Here’s how this approach works:

4-bit Quantized Loading: Using bitsandbytes to load the model in 4-bit, reducing VRAM usage by up to 70%
LoRA Adapter Optimization: PEFT-based optimization of abliteration parameters in the quantized state
Full Precision Export: Re-loading the original model in system RAM and applying the optimized LoRA adapter

graph LR
    A[Model<br/>FP16 140GB] -->|4-bit Quantize| B[Quantized Model<br/>4-bit ~35GB]
    B -->|LoRA Optimization| C[LoRA Adapter<br/>Few MB]
    D[Original Model<br/>System RAM] -->|Apply LoRA| E[Unrestricted Model<br/>FP16 Full Precision]
    C --> E

Real-World VRAM Comparison

Model Size	Traditional	Heretic 1.2 (4-bit)	Reduction
7B	~14GB	~4.2GB	70%
13B	~26GB	~7.8GB	70%
70B	~140GB	~42GB	70%

Consumer GPUs (RTX 4090, 24GB VRAM) can now process 13B-class models.

MPOA: A New Technique for High-Quality Abliteration

What Is Magnitude-Preserving Orthogonal Ablation

MPOA is an abliteration technique developed by Jim Lai that minimizes quality degradation compared to conventional methods.

Traditional abliteration changes the magnitude (norm) of weights when removing restriction direction vectors, degrading model capabilities. MPOA solves this with:

Orthogonal Projection: Projecting vectors onto a subspace orthogonal to the restriction direction
Norm Preservation: Restoring the norm of projected vectors to their original magnitude
Optuna Optimization: Using Optuna to optimize weight parameters and automate layer selection

Benchmark Comparison

From Heretic’s official example, comparing results on the gpt-oss-20b model:

Model	UGI Score	W/10	NatInt	Writing
Heretic Version (MPOA)	39.05	Win	Win	Win
Traditional Derestricted	34.22	—	—	—

The Heretic version outperforms across all categories, achieving approximately 14% improvement in UGI score.

Configuration

# Enable MPOA
orthogonalize_direction: true
row_normalization: full

Just two lines of configuration to benefit from MPOA.

Other Notable Features

Vision Language Model (VLM) Support

Heretic 1.2 adds VLM support thanks to contributor anrp.
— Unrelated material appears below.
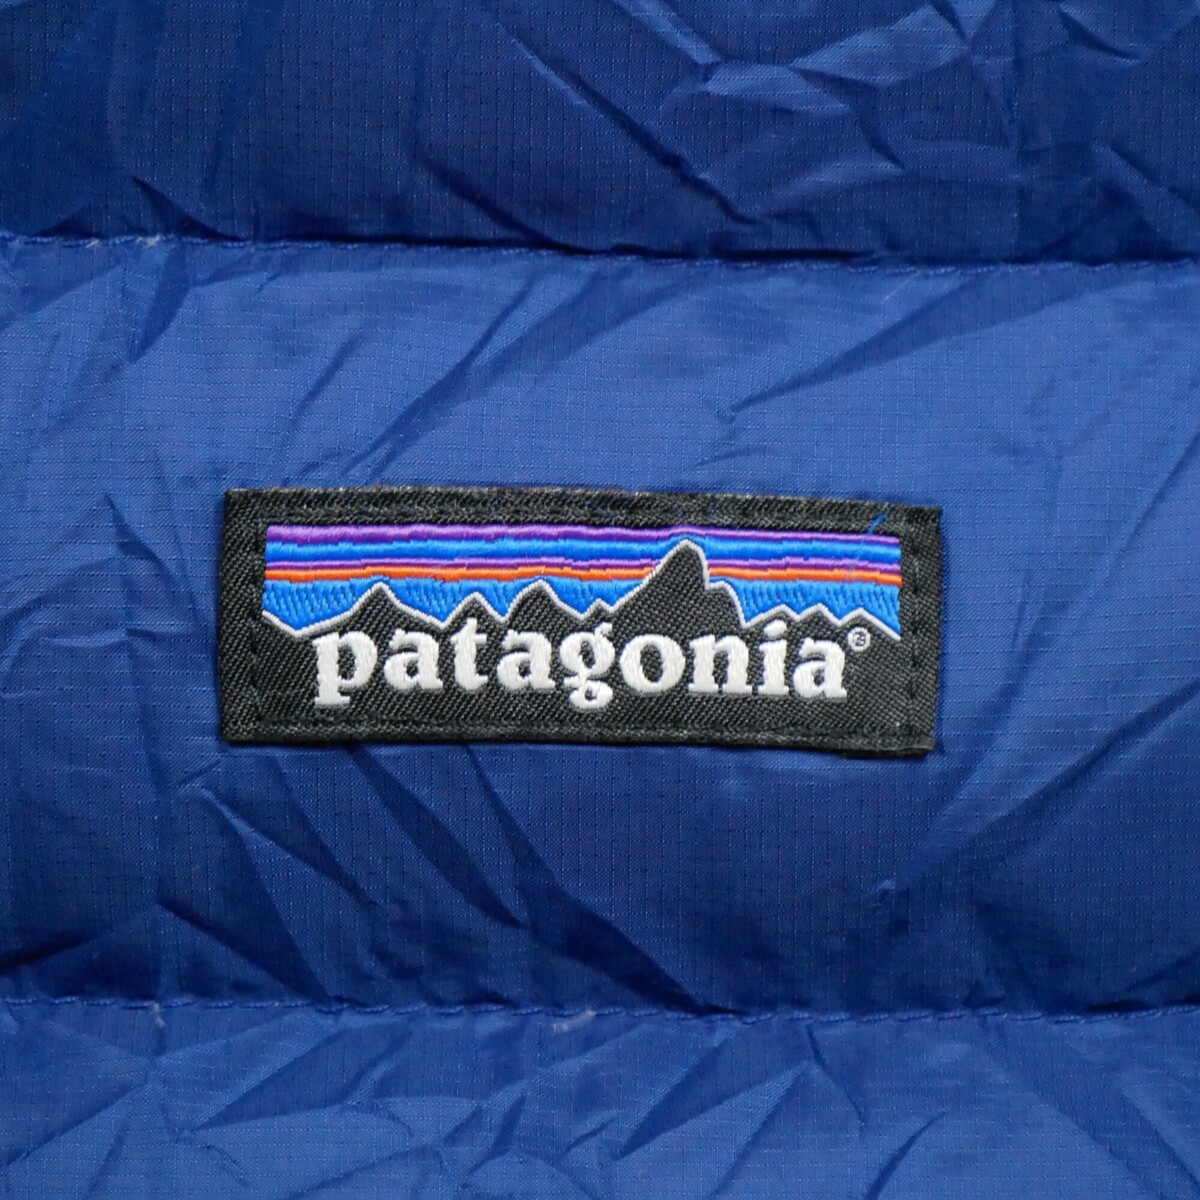 Patagonia Bleu Doudoune dnkZ0a1x

Only the text decoder portion is abliterated while the image encoder remains intact.

Automatic Session Save and Resume

Even if a crash occurs during a long optimization run, Heretic automatically saves progress. Upon restart, it resumes from where it left off. You can also manually interrupt with Ctrl+C and resume later.

Practical Guide: Using Heretic 1.2

Prerequisites

Python 3.10+
CUDA-capable GPU (NVIDIA GPU required for 4-bit quantization)
Sufficient system RAM (for full precision export)

Installation and Execution

# Install Heretic
pip install heretic

# Basic run (4-bit quantization + MPOA)
heretic --model meta-llama/Llama-3.1-8B-Instruct \
  --quantization bnb_4bit \
  --orthogonalize-direction true \
  --row-normalization full

Recommended Hardware Configurations

graph TD
    subgraph Consumer
        A[RTX 4090<br/>24GB VRAM] -->|4-bit Quantize| B[Up to 13B Models]
    end
    subgraph Prosumer
        C[RTX 5090<br/>32GB VRAM] -->|4-bit Quantize| D[Up to 20B Models]
    end
    subgraph Server
        E[A100 80GB] -->|4-bit Quantize| F[Up to 70B Models]
    end

Community Response

The Reddit r/LocalLLaMA post earned 268 points, reflecting strong community approval. On HuggingFace, over 1,300 models created with Heretic have been published, representing more than a third of all abliterated models.

Key highlights from the community:

Cost Efficiency: Large model processing now possible on consumer GPUs
Quality Improvement: MPOA surpasses conventional techniques
Ease of Use: Fully automated workflow

Conclusion

Heretic 1.2 simultaneously solves two major challenges in local LLM operations:

Dramatic VRAM Reduction: 4-bit quantization makes previously expensive GPU-dependent processing feasible on consumer hardware
Improved Abliteration Quality: MPOA removes restrictions while preserving model capabilities

As the democratization of local LLMs accelerates, tools like Heretic play a crucial role in building an environment where anyone can leverage high-quality models.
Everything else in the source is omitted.